Commentary on the Program

by Alexander Blachly

    The set of hand-painted fifteenth-century playing cards in the permanent collection of The Cloisters reminds us that the late Middle Ages was a period fascinated by games and puzzles. This fascination extended to music. We find pieces from that time, for example, notated fancifully in the shape of a heart or a circle, or in the shape of a circular labyrinth to illustrate the theme of the lyrics (that the beloved is trapped in a maze which frustrates the lover’s attempt to reach her). The different movements of Josquin Desprez’s Missa Di dadi show augmented durational values in the tenor voice by way of dice in the margin (e.g., one die showing five and another die showing one, to indicate that breves are to be augmented in performance in a ratio of five to one). Johannes Ockeghem’s chanson Prenez sur moy, a three-voice canon, indicates the starting pitches of its three voices by sharps and flats on the staff lines above and below the middle one, on which the canon’s first note is written. By defining the notes a third above and a third below the starting ones as the hexachordal syllables mi or fa in a piece with no sharps and flats in the key signature, the actual starting notes of the three voices can be identified. Today’s program features still other musical games, such as Isaac’s first Kyrie from his Missa Argentum et aurum, which uses only dotted breves in the top voice, dotted semibreves in the altus, dotted longs in the tenor, and dotted maximas in the bassus. As a meme for various types of games, including various musical ones, playing cards give us a window into the intellectual culture that produced them.

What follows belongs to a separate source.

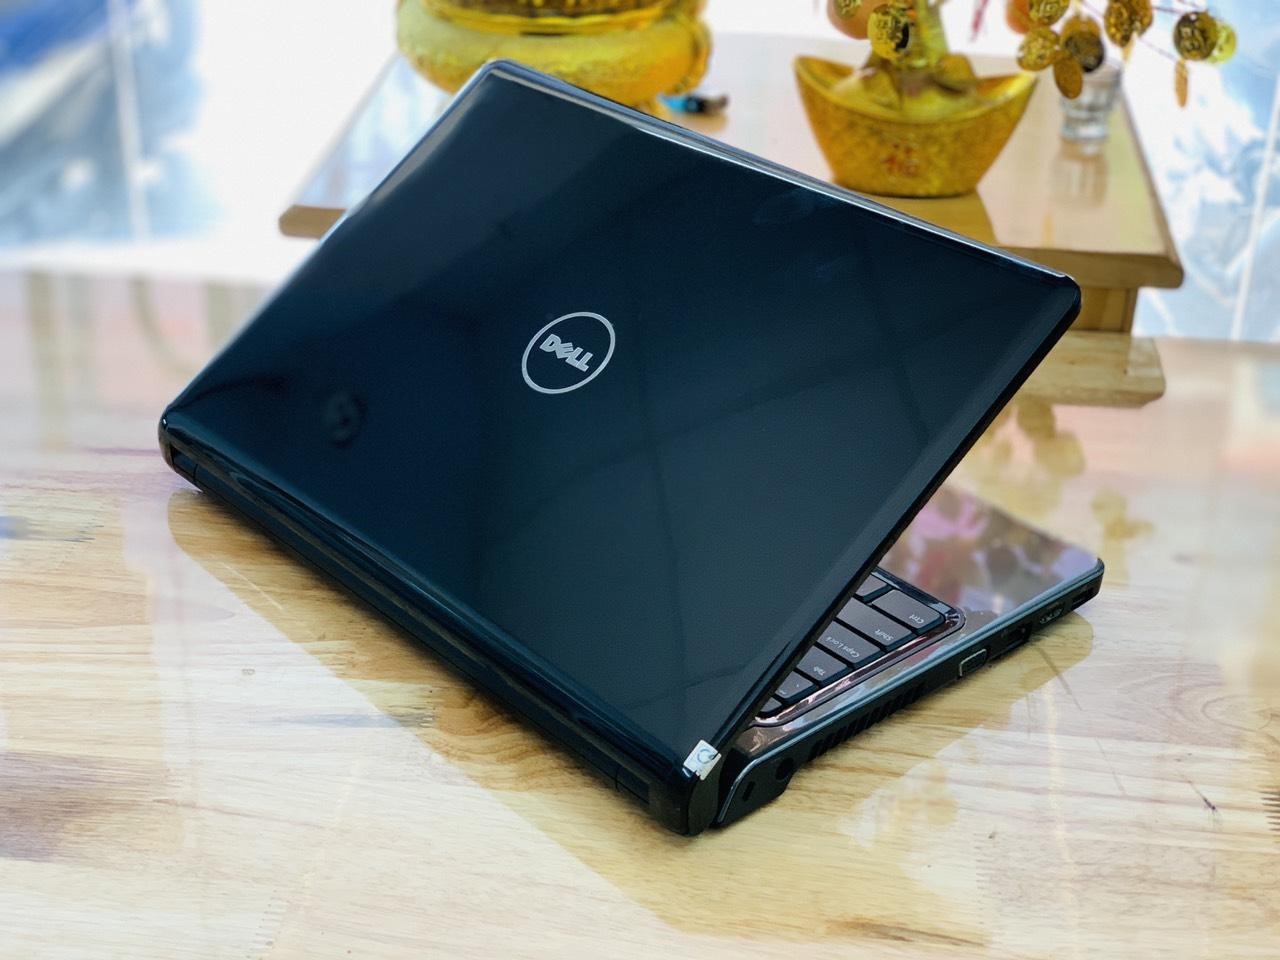 Sửa pin laptop Dell nên chọn đơn vị nào? Tư vấn lựa chọn

    Paintings from the fifteenth and sixteenth centuries that show people playing cards depict men and women who belong to the nobility. Card and board games at that time, like hunting, hawking, and jousting, were the privilege of the wealthy. In taking as the inspiration for a musical program Cloisters Collection 1983.5151-.52, a hand-painted complete deck of 52 pasteboard playing cards from the South Netherlands ca. 1470-80, we are reminded that the musical counterparts of medieval playing cards were created not for the homes of commoners but for the courts. In the case of the playing cards in the Cloisters collection, these would be the courts associated with the Netherlands, such as the Imperial court in Vienna or the Burgundian court, which traveled from city to city throughout the duchy of Burgundy. We have therefore chosen as the principal composers of our program Guillaume Du Fay, from the Burgundian city of Cambrai; Johannes Ockeghem, composer from the Netherlands who served in the prestigious position as treasurer of the Abbey of St. Martin in Tours; Henricus Isaac, who at the end of his life was imperial court composer to emperor Maximilian I in Vienna; Josquin Desprez, who came from an area in the Netherlands not far from Condé-sur-L’Escaut, on the border of the imperial county of Hainaut; Antoine Busnoys, who was active in aristocratic circles connected with the French court in the Loire valley, later in Tours, later still as chantre in the service of Charles Charlomais, who became duke Charles the Bold of Burgundy in 1467.